Warga Sheikh Jarrah Menolak Membayar Sewa Kepada Para Pemukim – Keluarga Palestina yang menghadapi penggusuran dari rumah mereka di lingkungan Sheikh Jarrah Al-Quds pada Selasa (2/11) menolak tawaran pengadilan Israel untuk memberi mereka status ‘tempat tinggal yang dilindungi’, dengan mengatakan bahwa jika mereka membayar sewa kepada organisasi pemukim yang mengklaim tanah tempat rumah mereka dibangun, maka properti mereka tidak akan dihancurkan.
“Orang-orang Sheikh Jarrah menolak proposal penyelesaian,” tulis anggota keluarga dan aktivis media sosial Mohammed El-Kurd.

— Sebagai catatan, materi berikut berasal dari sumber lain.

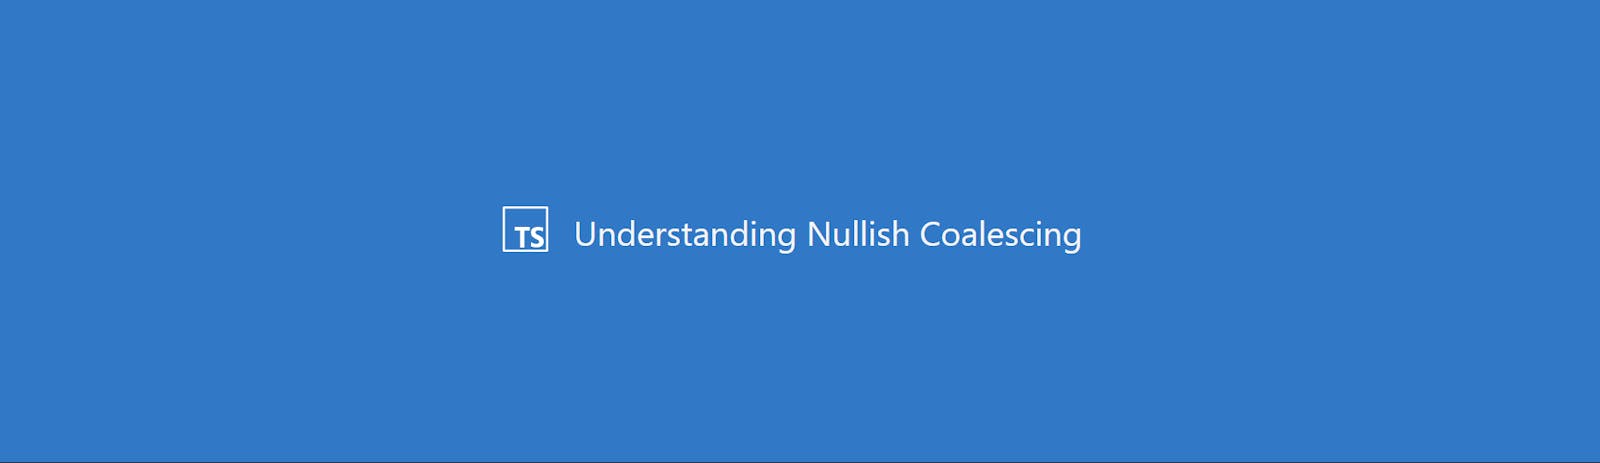 Understanding Nullish Coalescing in Typescript

Keputusan itu akan berdampak serius bagi keluarga Palestina lainnya yang semuanya menghadapi pengusiran dari rumah mereka oleh pemukim Israel. Kasus hukum mereka didasarkan pada klaim bahwa orang Yahudi memiliki tanah sebelum penggusuran mereka pada tahun 1948.
Saat ini, ada gugatan penggusuran terbuka terhadap sekitar 50—60 keluarga di Sheikh Jarrah (30 keluarga di bagian Kerem Al-Jaouni dan 20—30 keluarga di bagian Um Haroun), yang sedang dalam berbagai tahapan proses hukum.

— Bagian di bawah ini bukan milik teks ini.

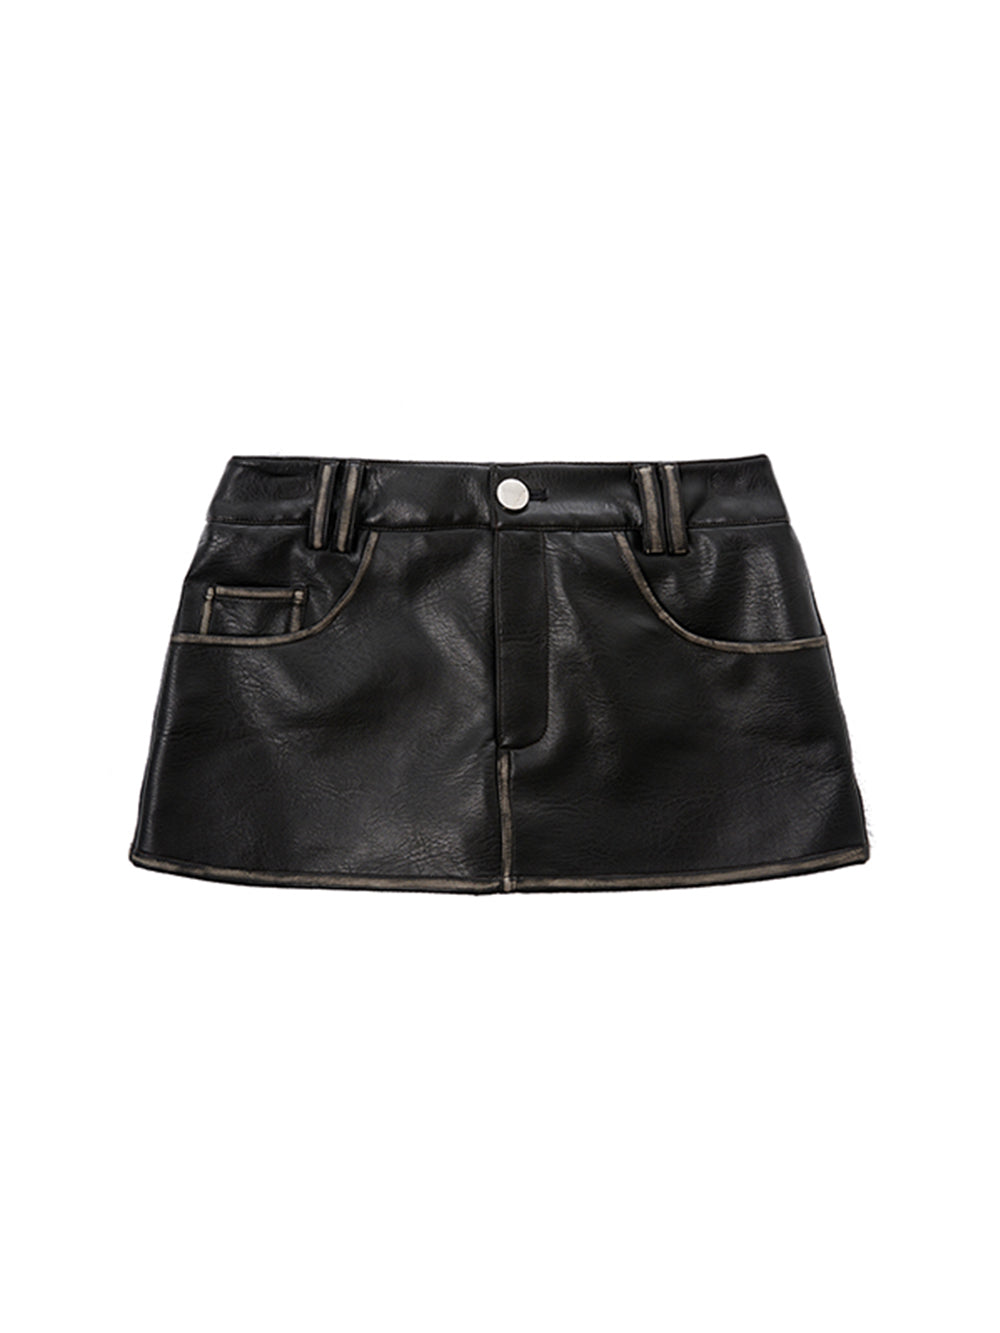 MUKTANK x MODULER Hand-colored Waist Leather Skirt

“Tanpa sepengetahuan publik, pihak berwenang telah secara diam-diam mendaftarkan hak tanah atas properti di Um Haroun kepada orang Yahudi yang diklaim sebagai pemilik tanah. Langkah seperti itu belum pernah terjadi sebelumnya dan memiliki potensi konsekuensi akut pada properti Palestina tidak hanya di Sheikh Jarrah tetapi di seluruh Al-Quds Timur,” kelompok HAM Israel, Ir Amim mengatakan di situsnya, “yang pada akhirnya dapat menyebabkan perampasan Palestina yang meluas di kota dan perluasan pemukiman Yahudi.”

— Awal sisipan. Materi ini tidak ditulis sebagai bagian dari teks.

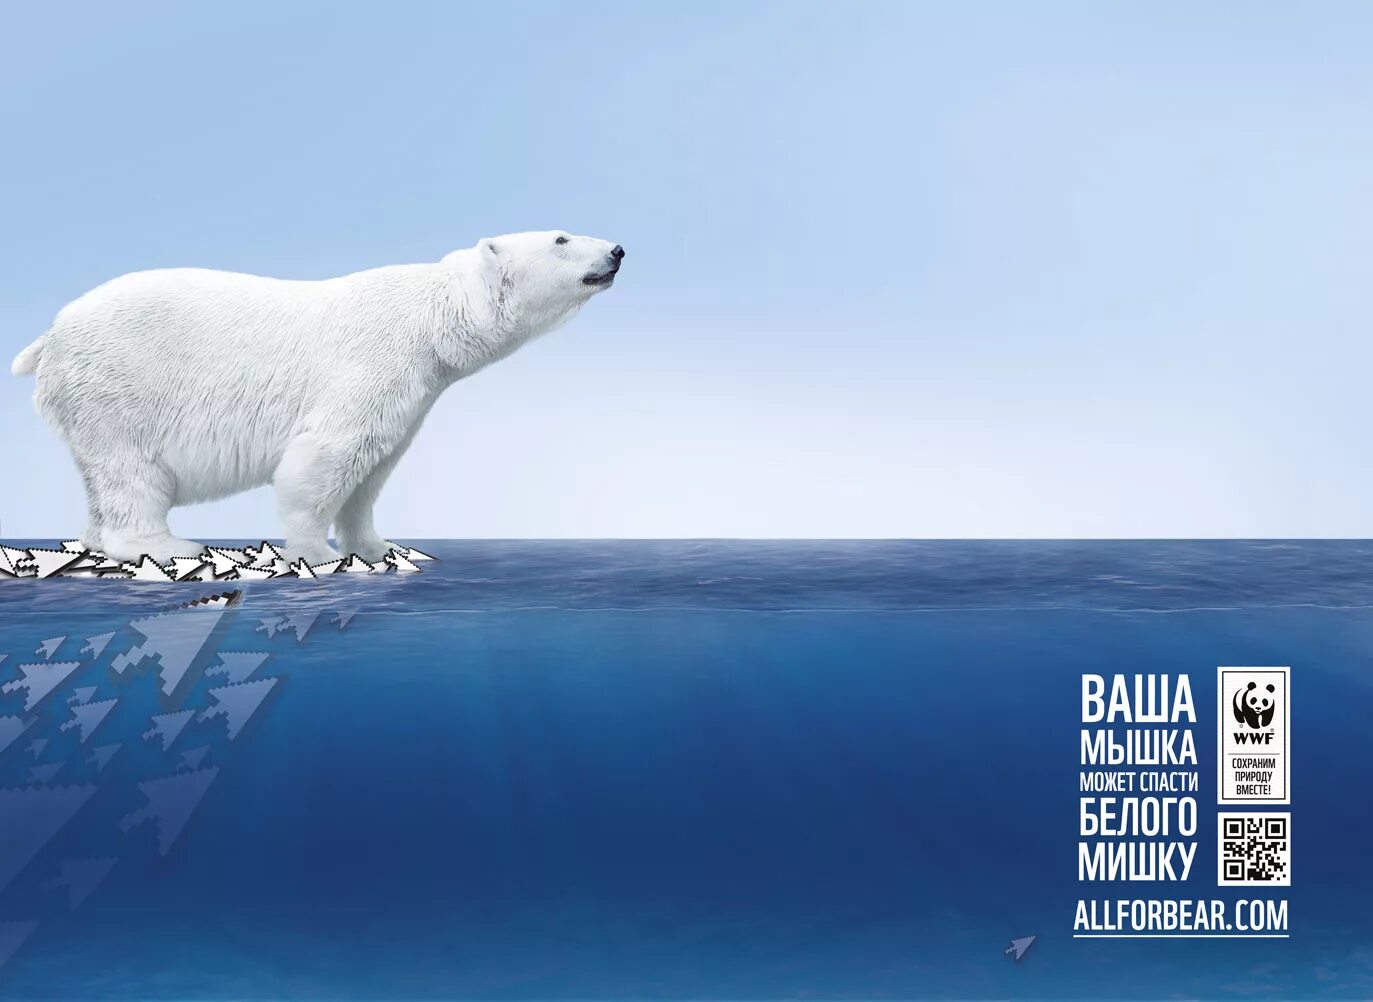 Слоган животное. Всемирный фонд дикой природы WWF России. Всемирный фонд дикой природы WWF реклама. Социальная реклама Всемирного фонда дикой природы. Креативная реклама с медведем.

Di bawah hukum Israel, orang Yahudi berhak untuk meminta kompensasi dan merebut kembali tanah yang mereka anggap milik mereka. Namun tidak ada hak seperti itu yang diberikan kepada 750.000 orang Palestina yang dibersihkan secara etnis selama 1947/48 termasuk ratusan ribu yang tetap berada di dalam wilayah pendudukan Israel.